The applicant has not previously been the subject of a parole order and has had no previous contact with Community Corrections.

Likelihood of reoffending and complying with conditions of parole – s.74(2)(a), (b) & (e)

The risk factors in respect of the applicant have been identified above. They principally relate to his personality disorder and history of offending. His record of prior convictions do not disclose offending of a similar nature. A number of protective factors have also been identified. The applicant’s capacity to live offence free in the community has been tested to the fullest extent possible within the confines of his sentence. He is housed in the independent living units at the prison, has unsupervised leave to attend his employment, and participated in reintegration leave, all without incident. His age is also a protective factor, being associated with a reduction in risk of offending. There have been no reported incidents of him using alcohol either at the prison or whilst on leave and he has committed to continued abstinence. A number of external service providers have committed to working with the applicant if released to assist him to adjust to life outside of prison.

The risk/needs assessment conducted by Community Corrections identified the applicant as requiring a medium level of supervision. Conditions that have been recommended if he is granted parole include ongoing counselling with a psychologist, no consumption of alcohol, non-association with his co-offender and a curfew that would allow him to work. His adherence to the condition of his s.42 leave and excellent behaviour within the prison environment which has been maintained despite the relaxation of controls all suggest the applicant has the capacity to and will comply with any conditions of parole which will be directed at addressing any residual risk that the applicant may reoffend.

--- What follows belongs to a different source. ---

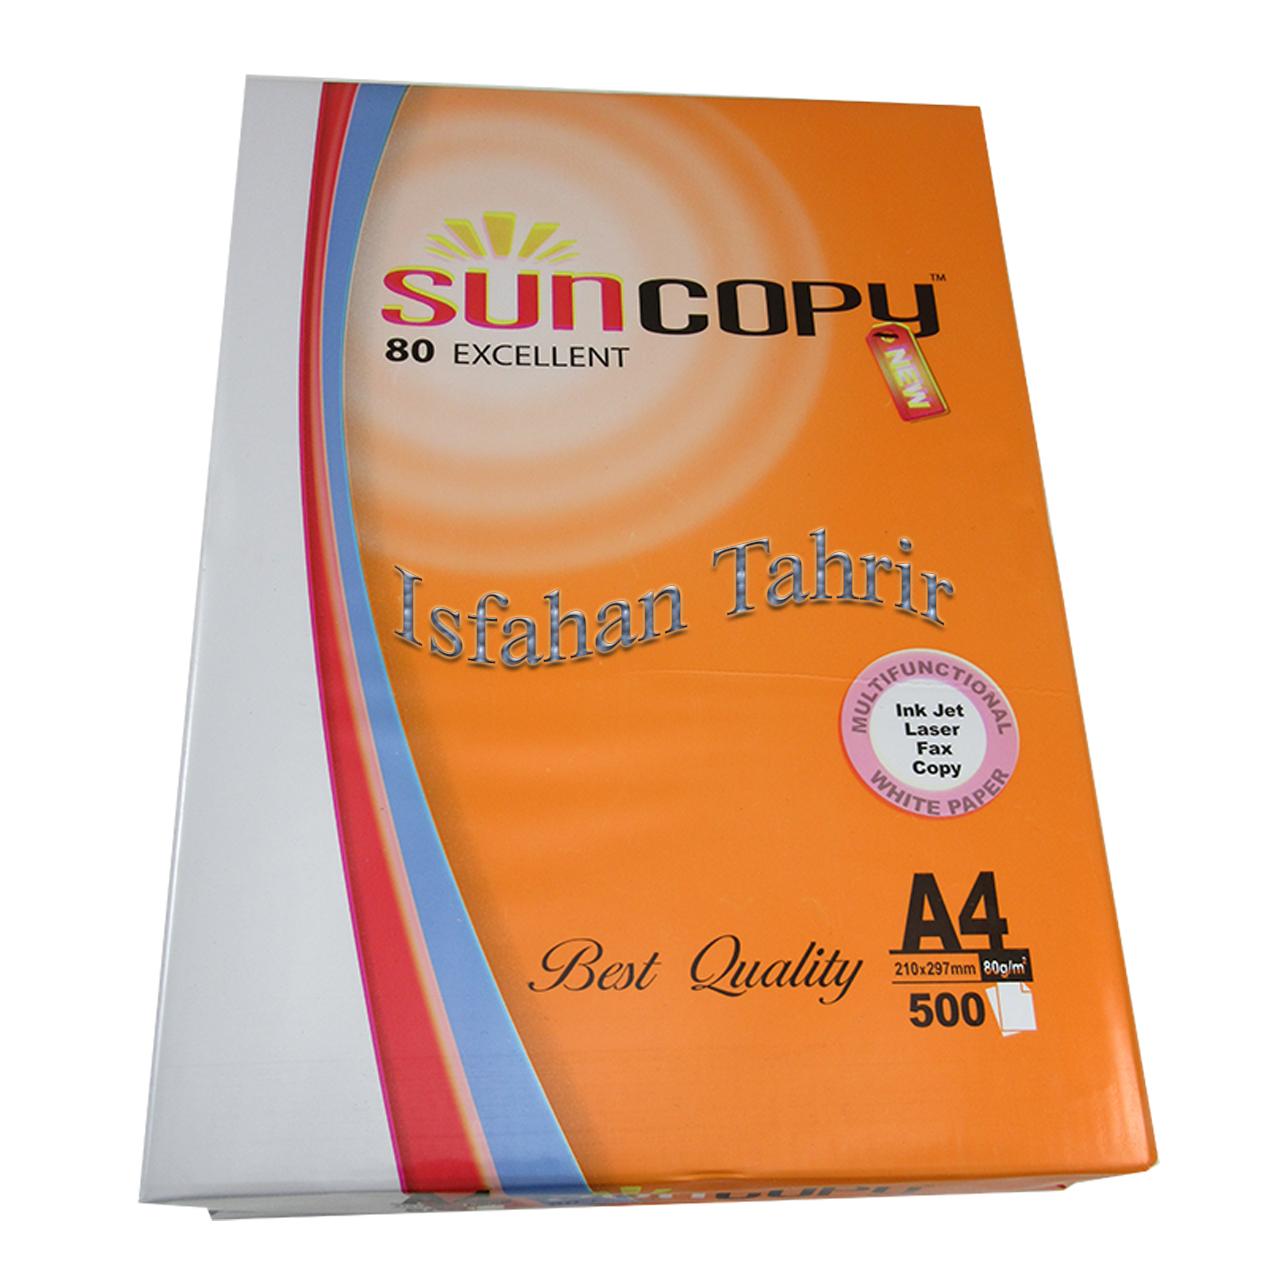 کاغذ A4 سان کپی (sun copy)

These factors suggest that the refusal of parole is not warranted for the protection of the public.


The Board has carefully weighed the matters required to be taken into account when determining whether to grant parole. The Board appreciates the understandable concerns of the victims which were powerfully conveyed in their Victim Impact Statements. Their views are important; there are, however, a number of other factors which must be considered when making this decision.

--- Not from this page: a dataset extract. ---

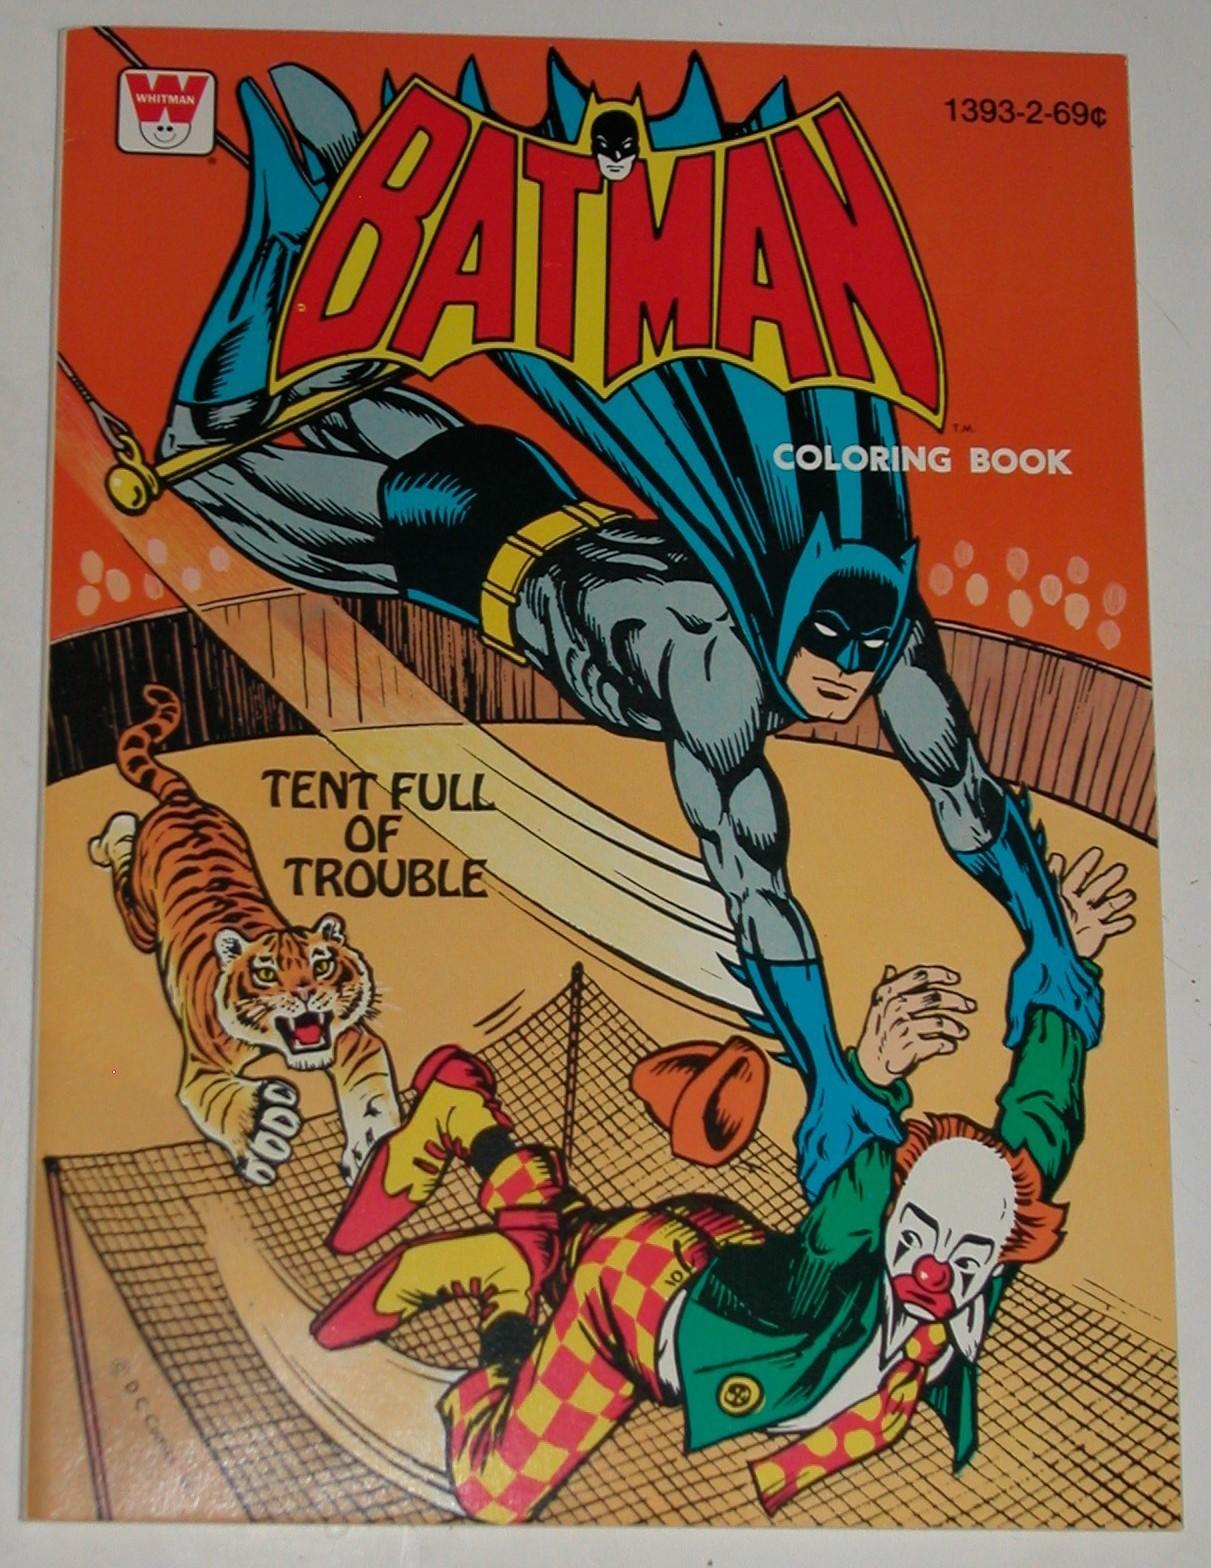 Vintage Batman Coloring Books

Taking all of those matters into consideration, the Board is of the view that the applicant meets the statutory criteria to be granted a parole and that his reintegration into the wider community will best be served by granting him a period of parole with appropriate conditions. Those conditions will include that the applicant not consume alcohol or illicit drugs, that he not enter licensed premises, that he undergo ongoing counselling with a psychologist, be subject to a curfew that does not interfere with his work and that he not associate with his co-offender. Further conditions directed at protecting the victims from coming into contact with the applicant will also be imposed.